Excuse me butting in, but my mare is dapple grey - see attached

Her mane is black and very sparse,
her tail is multicoloured but predominantly 'blond' with black and brown hairs.
- again her tail is adequate but sparse.

If one day I were to put her to stud - in order to preserve the dapple grey colour I have been told to put her to a black stallion? Do you agree?

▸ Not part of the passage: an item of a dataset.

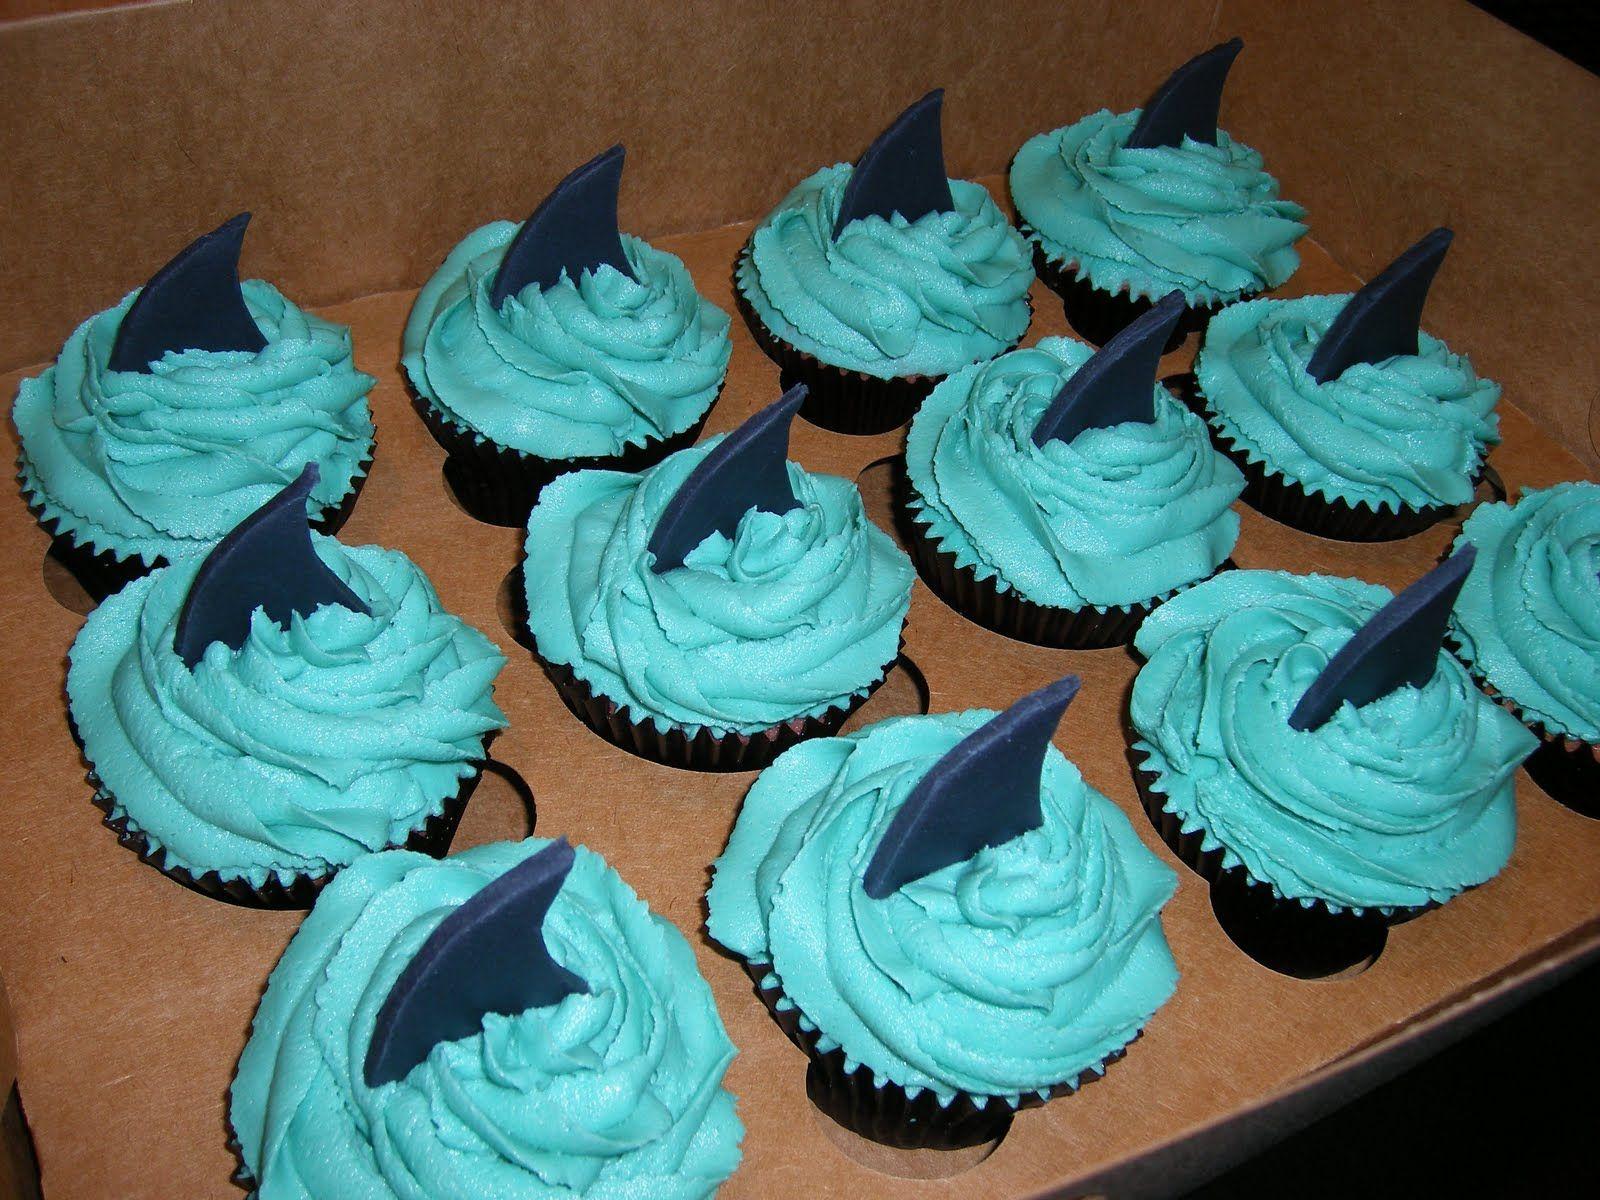 Cupcake Decorating Ideas Birthday Boy : Boys Birthday Cakes creative Birthday cupcakes for a ...
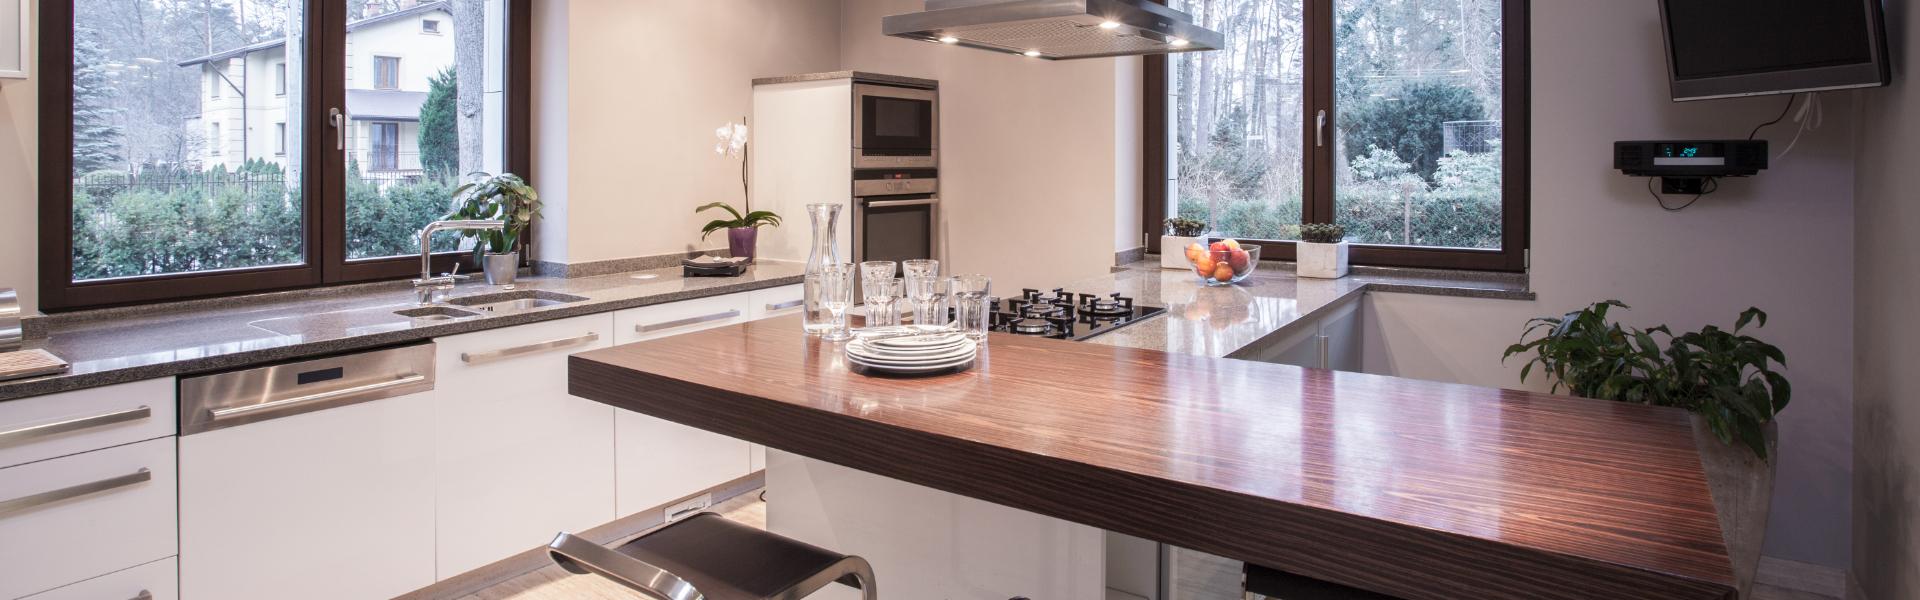 Belmax Builders Kitchen Fitting

As for her mane and tail I'd just like to see hair of any colour but more of it
especially around the crest.

Incidentally I'd go to Portugal to find a Lusitano stallion - the mare is Irish Draft/Connemara


----------



## NdAppy

Barry - there is no way to "preserve" the dapple grey color or to guarantee it when breed. Dapple is just one of the many, many stages that a grey horse can take.


----------



## Jacksmama

If you want a chocolate or silver dapple from a silver dapple stud that is not homozygous and you don't have a silver dapple mare, your best chance is to have a mare that is homozygous for black bred to him. It doesn't express on red. Even if the foal inheireted a red from the father, black is dominant so they'd still be black, or silver dapple if they got the modifier. 
Here is a great color calculator so you can see what chances you would have with what colors.
Color Calculator
You can still get it if the mare has agouti(bay), but it won't be your classic silver dapple, but a silver bay. The body color varies, but the one I ride and show is kind of a devils food cake color lol. She has chocolate points where a bay has black and a silver mane and tail. There is also some mottling with lighter shades of brown in the chocolate points. Here are some pictures. 
Bay Silver


----------



## xxBarry Godden

So my dreams of a lively dapple grey colt, with a lush flaxen mane and long swishing tail are set for disappointment?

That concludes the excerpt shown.